好消息,我出車禍以後,沒立即投胎,變成了阿飄。


 


壞消息,我好像隻能跟在我的S對頭,薛映川身邊。


 


我嘗試了好幾次,距離薛映川超過三米,就會被立刻拉回來。


 


就在我即將開始又一次嘗試時,面前忽然出現一行奇怪的彈幕:


 


【桀桀桀,妹寶不要白努力了,你現在隻能守在薛映川身邊哦~】


 


我這人向來聽勸,能躺平絕不站直。


 


既然彈幕這樣說,

我也不試圖做無用功了。


 


我和薛映川從大學起就是S對頭。


 


針鋒相對的事從來沒少做。


 


如今我變成隱形阿飄,怎麼能不順勢坑他一把?


 


畢竟來都來了。


 


飄到廚房,我發現薛映川正在煲湯。


 


眼看他馬上就要嘗味,我立刻從站在廚房門口的貓身上,揪了幾根貓屁股毛,放進了他的湯勺裡。


 


「呸呸呸!」


 


薛映川吐了好幾口貓毛出來。


 


我還沒來得及偷笑,那奇怪彈幕又浮現在眼前:


 


【嘿嘿,某人要倒霉咯!】


 


下一秒,我的屁股忽然被重重拍了一下。


 


我漲紅了臉,捂著屁股回頭。


 


發現是薛映川在抖抹布。


 


我不由得瞪大雙眼。


 


我不是已經變成阿飄了嗎?

怎麼還能被人碰到?


 


我湊過去,試探著觸碰薛映川的手。


 


果不其然,我的手直接穿透了他的手臂。


 


我松了一口氣。


 


看來那奇怪的彈幕根本就是騙人的!


 


我剛準備繼續去捉弄薛映川,他的手機忽然響了。


 


還沒反應過來,我就被匆匆出門的薛映川拖離了房間。


 


02


 


薛映川停車的地方,我有種莫名的熟悉。


 


直到登上電梯,我才反應過來。


 


這不是我和男友租房的小區的停車場嗎?!


 


薛映川怎麼會來我的出租屋?


 


電梯很快抵達 19 樓,可薛映川卻並沒有如我預想一般,去敲開我原本租住的房門。


 


而是來到了對門,輕車熟路地用指紋解鎖。


 


薛映川竟然是我的鄰居?


 


可我在這裡住了快兩年的時間,卻從來沒有見過他。


 


沒等我想明白,他已經從房間裡拿了東西準備下樓。


 


可沒想到,電梯門打開時,ƭū́⁵卻看到如此尷尬一幕。


 


一對男女摟在一起幹柴烈火,還不斷發出曖昧的喘息。


 


我飄在一邊,興致盎然準備吃瓜。


 


薛映川卻恰好站在我面前,將我嚴嚴實實擋住。


 


就在我試圖穿過薛映川,偷偷看一眼時。


 


嫵媚的女聲響起:


 


「那個晦氣鬼的東西你處理幹淨了吧?」


 


「哎呀寶貝兒,你放心,我都給扔了。

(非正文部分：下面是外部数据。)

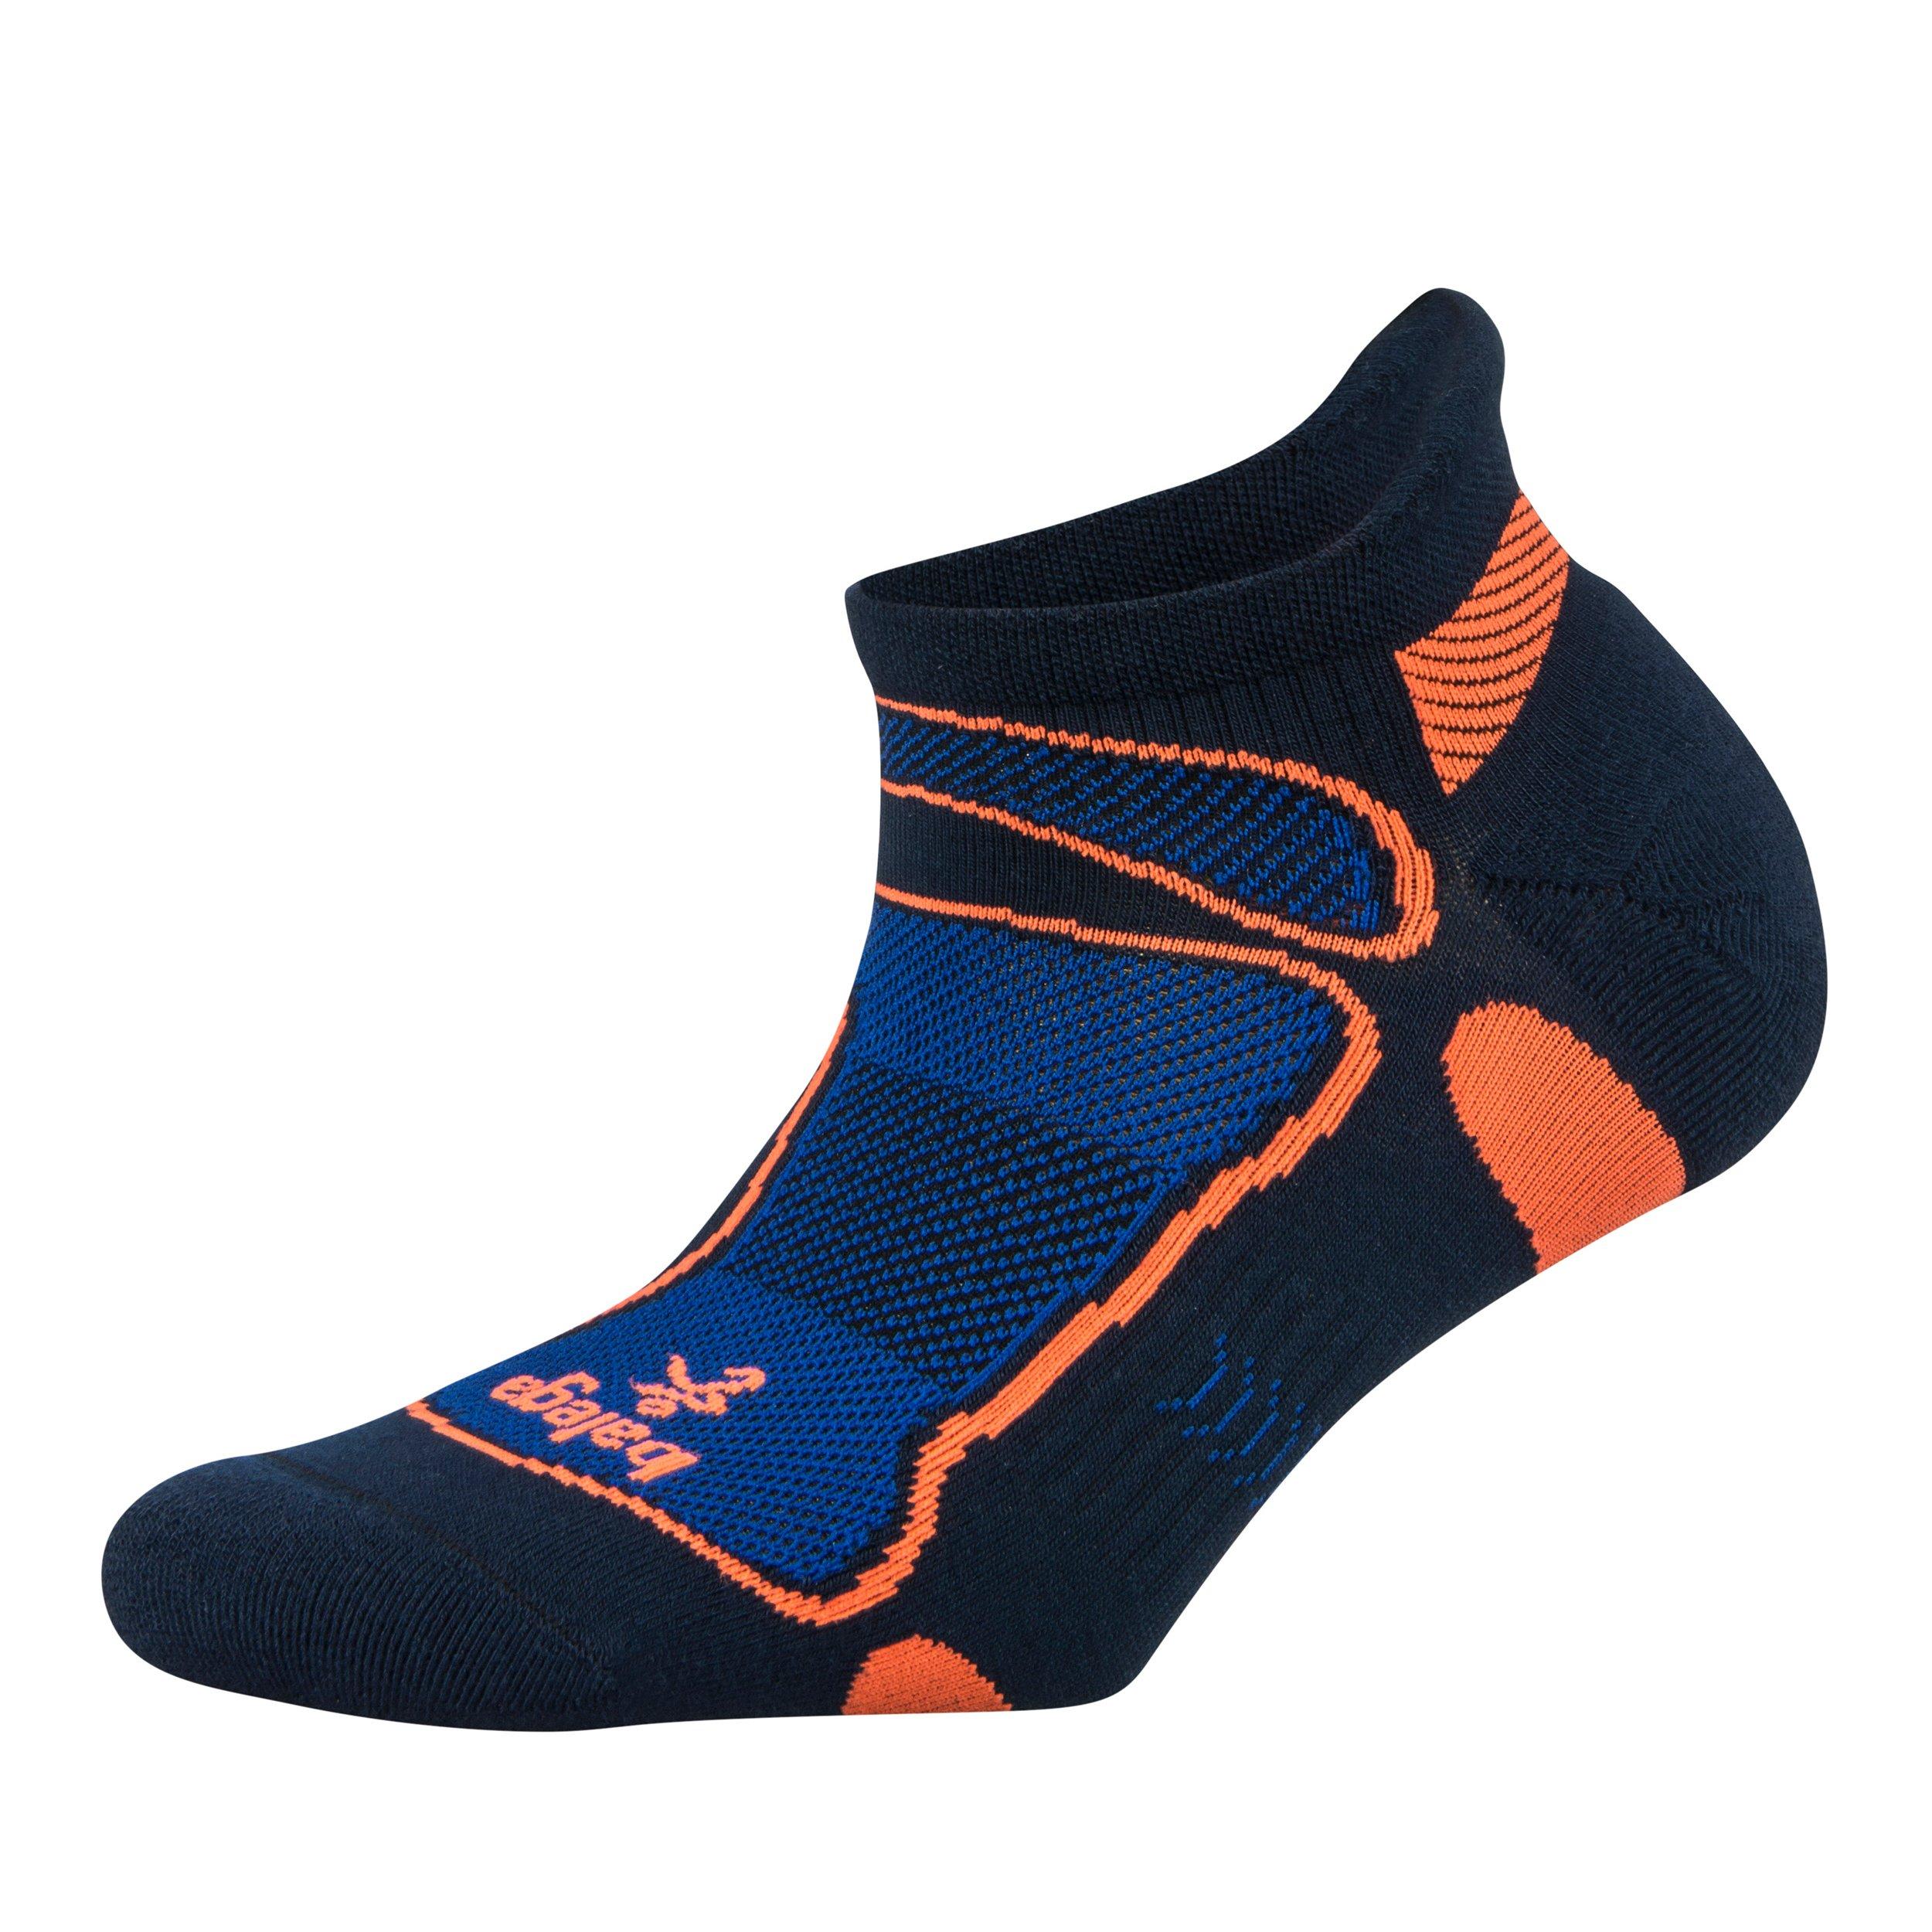 Balega Ultralight No Show Athletic Running Socks for Men and Women (1 Pair), Ink/Cobalt, Large

反正她又沒爹媽,不會有人找來的。」


 


我臉上的笑意剎那間消失殆盡。


 


這個聲音我絕不會認錯。


 


是差點和我訂婚的男友,

齊奇。


 


看兩人粘在一起的架勢,大概是很早之前就這樣了。


 


我一時氣急,忘記了限制,直接朝他們衝去。


 


沒想到真讓我飄到了渣男的房間裡。


 


兩人正像連體嬰一樣,跌跌撞撞往臥室走去。


 


一聲巨響忽然在房間裡響起。


 


渣男上個月分期買的平板從桌子上倏然掉下來。


 


摔得粉身碎骨。


 


我一邊覺得解氣,一邊又有些困惑。


 


明明我還沒來得及動手啊。


 


一條彈幕又出現在我眼前:


 


【笨蛋妹寶,有人給你偷偷出氣咯!】


 


我愣在原地。


 


在這層樓上的,除了我和那對狗男女,就隻剩下薛映川。


 


難不成薛映川會什麼法術,還能隔山打牛不成?


 


03


 


我匆匆飄到薛映川房門口。


 


正撞上他拿著遺落的手機,匆匆返回。


 


臉上什麼多餘的表情都沒有,看不出破綻。


 


大約是我想多了。


 


陪薛映川到樓下的時候,天空中已經開始飄起小雨。


 


這個養尊處優的公子哥居然不管不顧,跑到垃圾桶旁開始翻找。


 


我第一次見他這樣狼狽的模樣。


 


剛想笑一笑。


 


卻發現,薛映川從垃圾桶裡撿回來的,都是我的東西。


 


那些被齊奇匆匆丟掉的遺物,被他小心翼翼地撿回,妥善放進隨身的袋子裡。


 


我一時有些失神。


 


他大晚上跨越一整個城區跑到這裡,就是為了撿回我的遺物?


 


一絲白煙從我的靈魂裡逸出。


 


鬼在掉眼淚的時候,靈魂會飄出白煙,消散得更快。


 


薛映川,

你是笨蛋。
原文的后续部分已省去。